You are viewing a plain text version of this content. The canonical link for it is here.
Posted to user@orc.apache.org by Asha Andrade <as...@yahoo.com> on 2020/03/10 18:03:55 UTC

Unable to use OrcFile.createReader to read from S3

I am having trouble reading an ORC file from S3 with the OrcFile.createReader option. I am using hive-exec-2.2.0.jar at the moment and am wondering if this is supported at all? Am i missing any configuration settings? See code below.
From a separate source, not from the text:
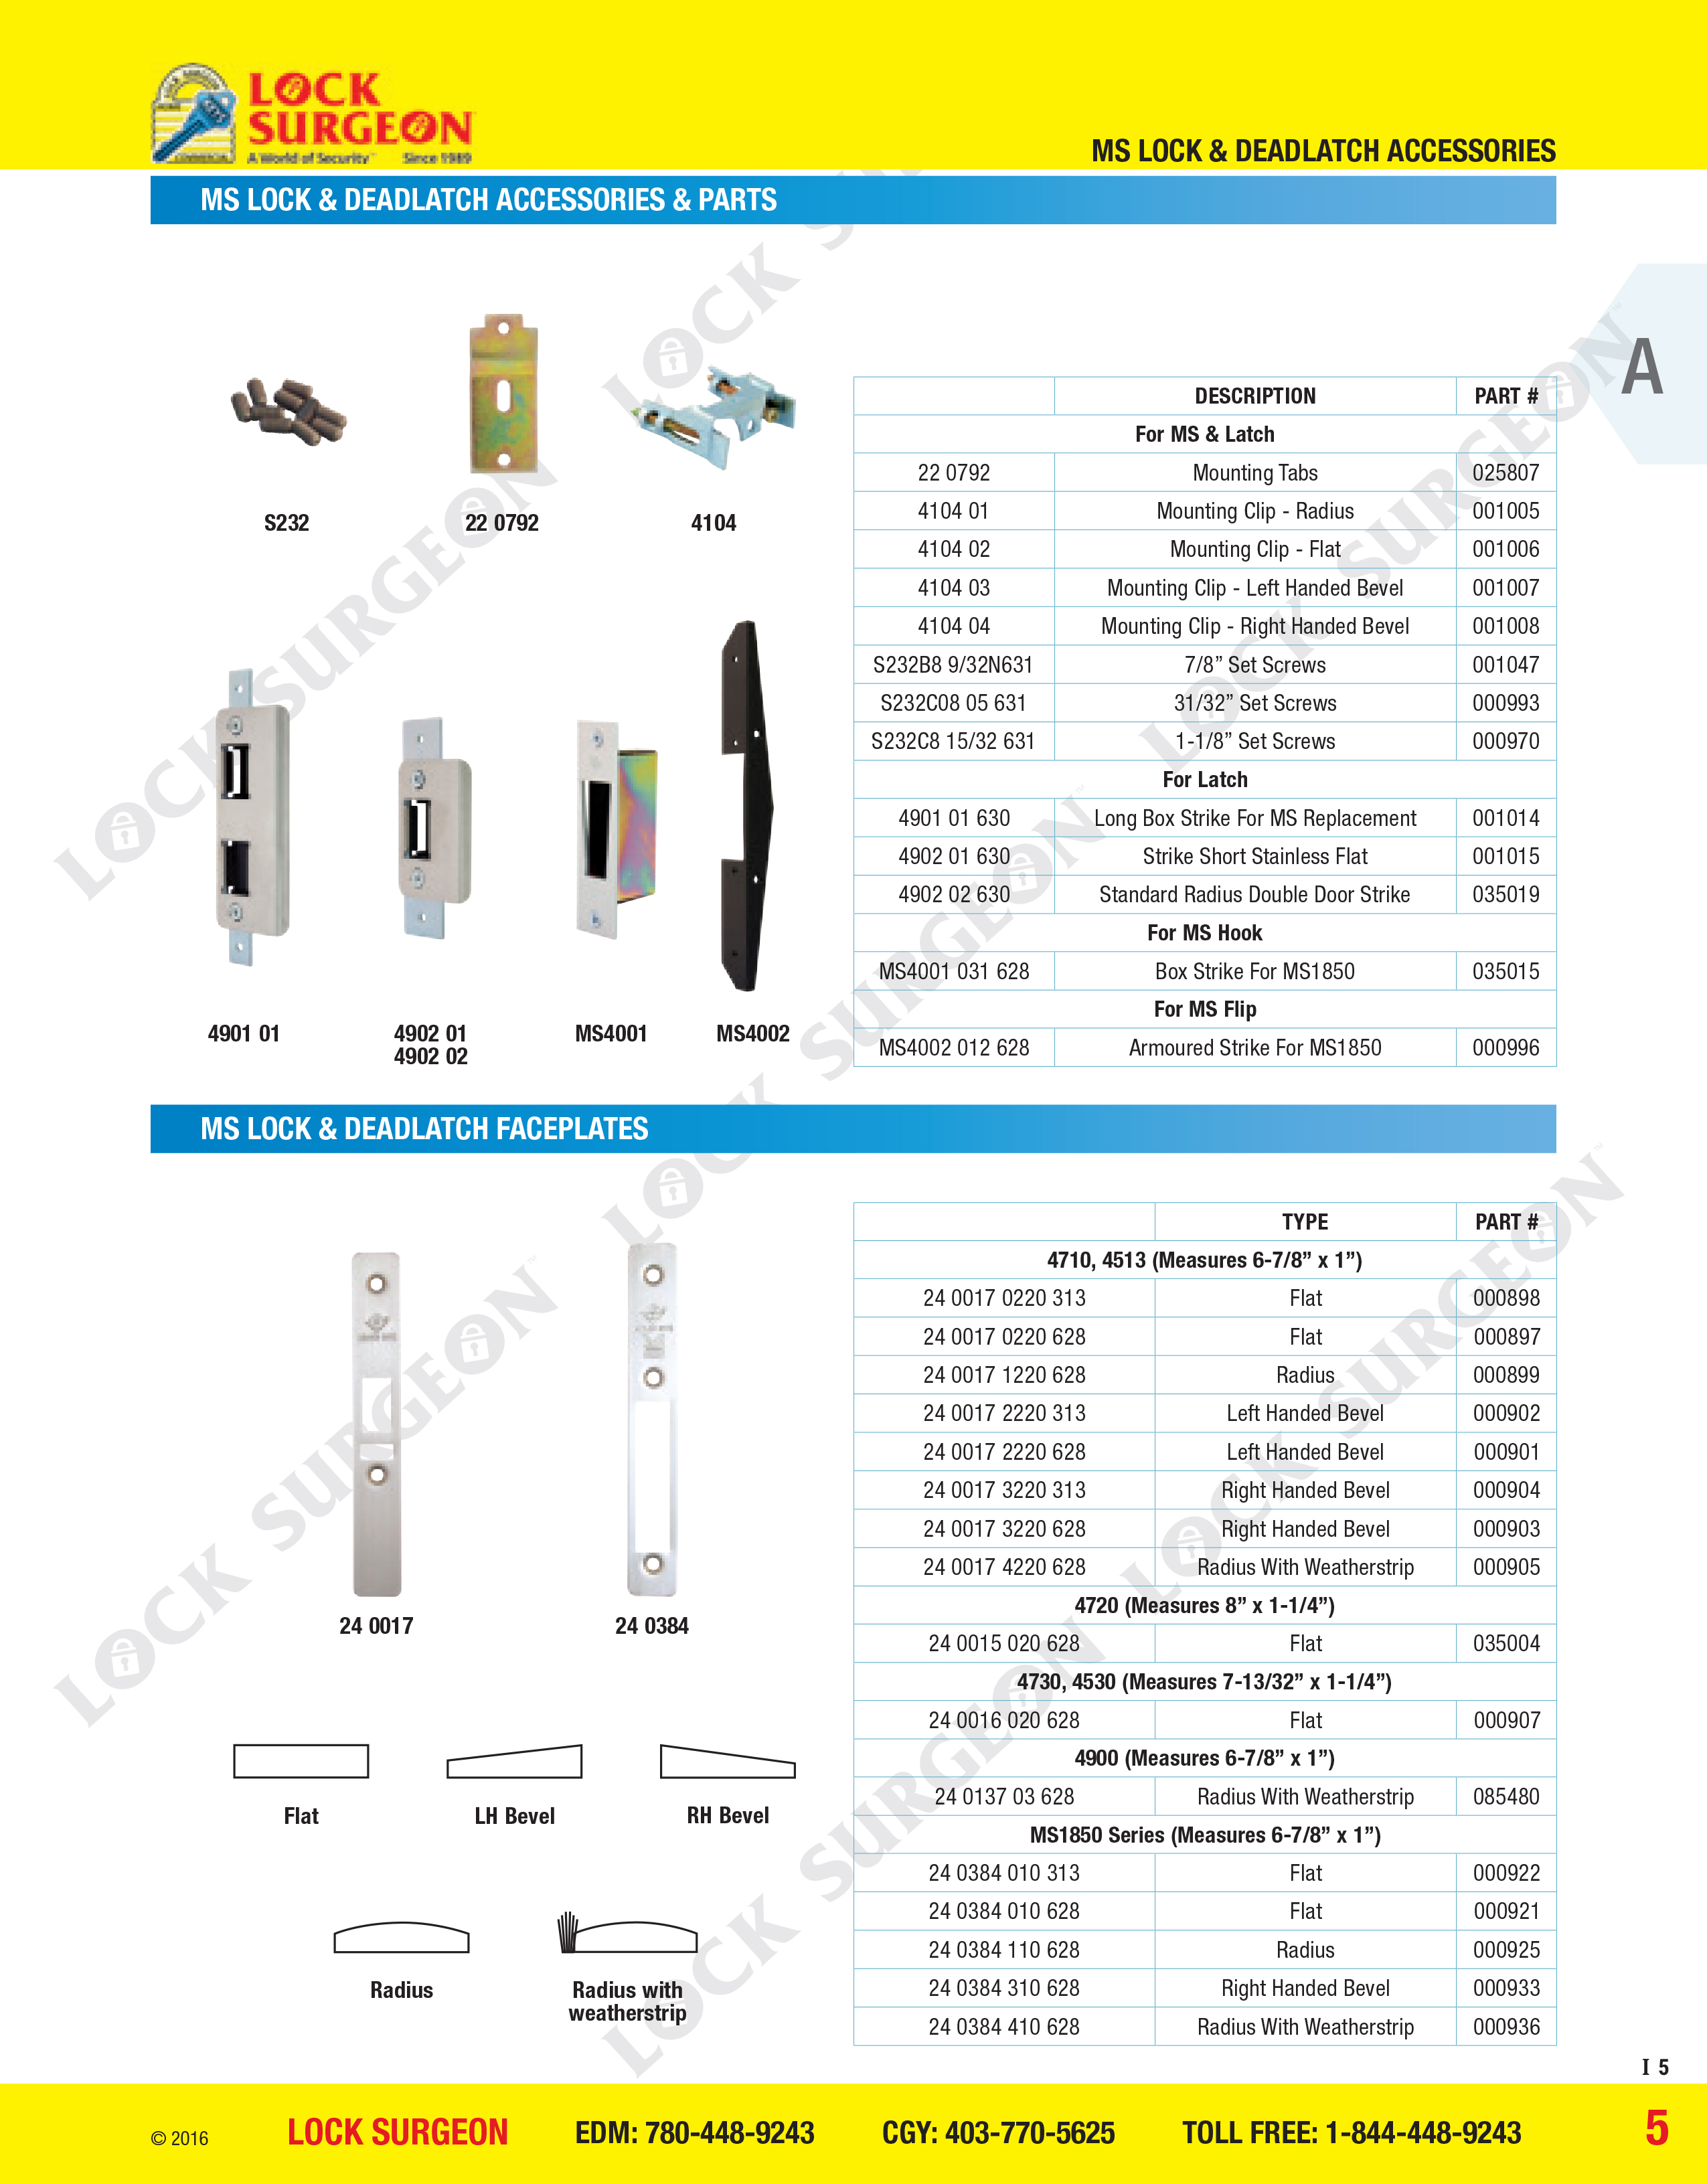 MS Lock and deadlatch accessories and parts

Any help will be appreciated.
String accessKey = "***";

String secretKey = "***";




Configuration configuration = new Configuration();

configuration.set("fs.s3.awsAccessKeyId", accessKey);

configuration.set("fs.s3.awsSecretAccessKey", secretKey);
configuration.set("fs.defaultFS", "s3:// <bucket>");



//configuration.set("fs.default.name", "s3://<bucket>");

//configuration.set("fs.s3.impl", "org.apache.hadoop.fs.s3.S3FileSystem");

FileSystem fs = FileSystem.get(configuration);



Reader reader = OrcFile.createReader(new Path("/some/path/file.orc"), OrcFile.readerOptions(configuration).filesystem(fs));The s3 object was created as follows,aws s3api put-object --bucket <bucket>  --key /some/path/file.orc  --body file.orc  --tagging jira=<id> --content-type="binary/octet-stream"
This would throw a S3FileSystemException ("Not a Hadoop S3 file"),
private void checkMetadata(S3Object object) throws S3FileSystemException, S3ServiceException {

    String name = (String)object.getMetadata("fs");

    if (!"Hadoop".equals(name)) {

        throw new S3FileSystemException("Not a Hadoop S3 file.");

    } else {

        String type = (String)object.getMetadata("fs-type");

        if (!"block".equals(type)) {

            throw new S3FileSystemException("Not a block file.");

        } else {

            String dataVersion = (String)object.getMetadata("fs-version");

            if (!"1".equals(dataVersion)) {

                throw new VersionMismatchException("1", dataVersion);

            }

        }

    }

}

Updated the object to include --metadata as follows,aws s3api put-object --bucket <bucket>  --key /some/path/file.orc  --body file.orc  --tagging jira=<id> --content-type="binary/octet-stream" --metadata="fs=Hadoop,fs-type=block,fs-version=1"
Of course after this it barfs at getting the data, probably because the file formats differ(?).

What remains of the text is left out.